O Segredo de Joe Gould

No início, encontrávamo-nos no comboio das 6:52. Víamo-nos na plataforma, cada um com um livro debaixo do braço, e sabíamos que se nos sentássemos frente a frente, conversaríamos sobre Literatura. Talvez por isso fingíssemos amiúde não nos vermos, ficando eu a meio da composição enquanto a Cristina se sentava (como era hábito) na parte de trás da primeira carruagem: deste modo cada um podia ler. O ritual manteve-se na estação da São João do Estoril durante os anos da Universidade, entre 1999 e 2002 ou 2003, altura em que a Cristina começou a ir de carro para Lisboa, pondo fim às nossas conversas.

A Cristina é irmã do Paulo, um grande amigo meu daquela época, e foi responsável por eu ter lido Cem Anos de Solidão, O Plano Infinito e… O Segredo de Joe Gould.

Na festa-surpresa que alguns amigos me prepararam no vigésimo primeiro aniversário, o Paulo levou-me o livro de Joseph Mitchell enviado pela irmã (não havia sido convidada). Agradeci, ao que ele retorquiu prontamente que tinha um “V” de volta (não com estas palavras): era um empréstimo e não um presente… achava eu! Não me lembro de nenhuma outra prenda recebida nesse aniversário além da bonita surpresa e d’O Segredo de Joe Gould. As melhores prendas desse ano não ficaram na estante do quarto ou no móvel dos dvds, mas guardadas em mim.

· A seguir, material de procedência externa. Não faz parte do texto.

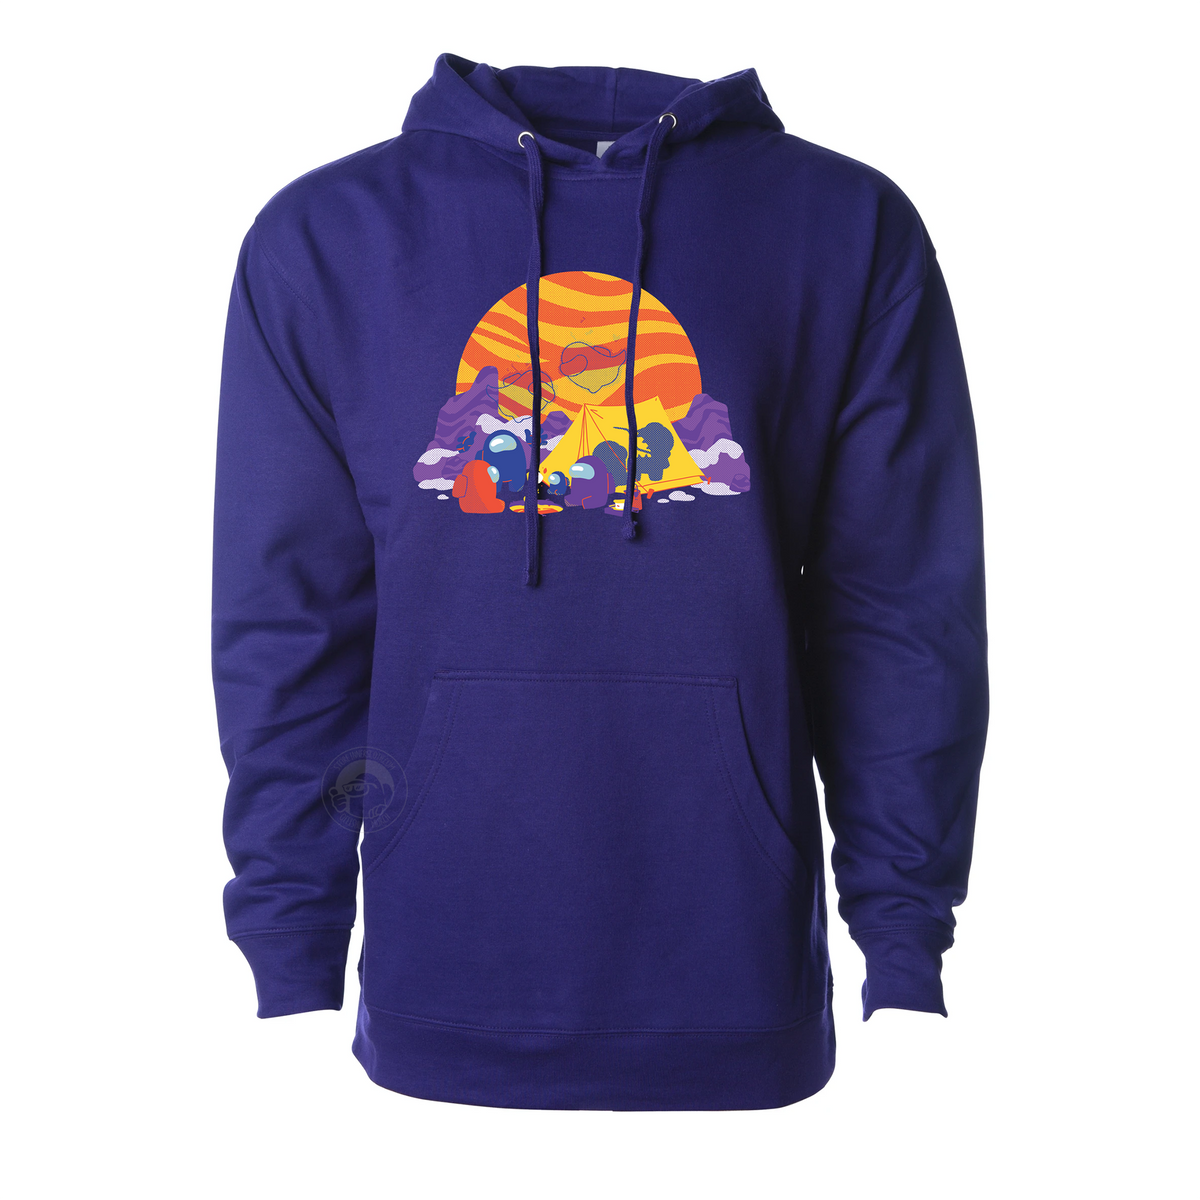 A product photo of the Among Us: Polus Camping Hoodie. The hoodie is purple and the printed illustration depicts a purple, blue and red crewmates with a camping tent among the snowy mountains of Polus with a large orange and yellow swirly sun in the background.
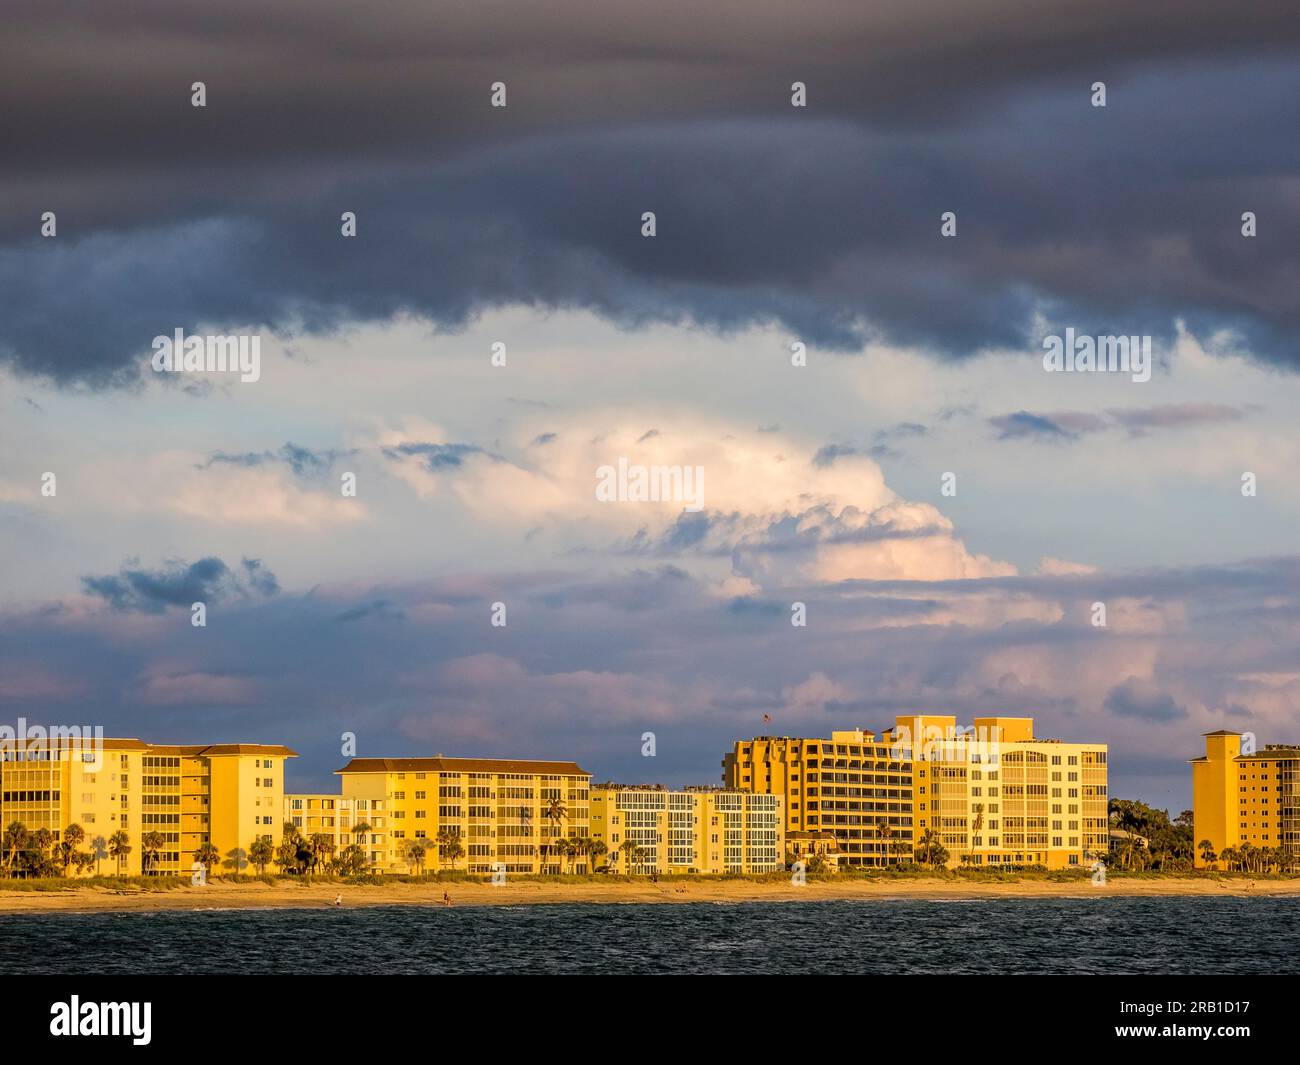 Storm in the sky over Venice Florida and the Gulf of Mexico Stock Photo

Um dos segredos da escrita de Joseph Mitchell, colunista da revista The New Yorker, foi o interesse que demonstrou pelas vidas de gente com quem ninguém se importava. Tais vidas resultaram em artigos que formam verdadeiros tesouros literários na rubrica “Perfis”, alimentada por Mitchell durante anos. A sua enorme capacidade de observação e a arte para manipular a descrição sem entediar o leitor trataram de fazer o resto.

Foi nesta rubrica que nasceu o seu escrito mais famoso, reunido em livro como O Segredo de Joe Gould. Composto por dois artigos, o primeiro, O Professor Gaivota escrito em 1942, conta a história de Joe Gould, um excêntrico, hilariante e enigmático sem-abrigo que deambulava pelas ruas de Greenwich Village nas décadas de 30, 40 e 50 com um conjunto de cadernos debaixo do braço onde registava A História Oral do Nosso Tempo, um trabalho monumental onde replicava as conversas do dia-a-dia que, segundo ele, mais do que os grandes acontecimentos da História, iriam formar o verdadeiro retrato de cada época.

No perfil de Gould traçado por Mitchell, este oferece-nos com genialidade o quadro de uma época, de um lugar e de um individuo. Talvez um pouco à imagem da ambição do próprio Gould… Mitchell confere a Gould o propósito humano que muitas vezes despegamos dos sem-abrigo com quem nos cruzamos, como se eles não fossem gente como nós…

O segundo artigo – mais extenso – intitulado O Segredo de Joe Gould e publicado na mesma revista em 1964, já depois da morte de Gould, centra-se no segredo e na magnífica empresa levada a cabo por um homem “somente” para contar a história do seu tempo.

Não sei se os dois artigos presentes neste livro são os que mais gosto na obra de Mitchell, mas são seguramente aqueles pelos quais ele é mais conhecido. Comprei outros dois livros de Mitchell (que mais tarde vi numa das feiras de livros velhos do metro de Lisboa por uma pechincha…): Sou Todo Ouvidos, que reúne os seus primeiros trabalho, dando-nos a conhecer a empregada de uma bilheteira de um teatro ou de uma profissional da dança do leque, nos cabarés dos anos 20, por exemplo, e O Fundo da Baía, que comporta meia-dúzia de artigos já da fase “trabalhada” de Mitchell, possuidores de uma qualidade ímpar.

Joseph Mitchell, tendo sofrido de depressão toda a vida, produziu textos de interesse inquestionável para quem se interessa pela vivência da sua época. Talvez a transposição do que ia observando e o abraço com que ele recebia as gentes e os episódios ostracizados constituíssem a sua fuga a uma tristeza que o acompanhou até 1996, ano em que morreu. Com O Segredo de Joe Gould, Mitchell entrou num bloqueio literário que não mais conseguiu furar. Até à sua morte, mais de 30 anos depois, continuou a frequentar a redacção da revista onde sempre havia escrito.

Se há livro em que a forma e o conteúdo ombreiam na grandeza, o segredo deste homem é esse livro, ainda que a conclusão de Mitchell a respeito de tal segredo possa não ser verdadeira…

Mais tarde, comprei o livro, li-o e ofereci-o. Voltei a comprá-lo, numa das tais feiras do metro, apenas para o ter por perto, mas de novo, acabei por oferecê-lo.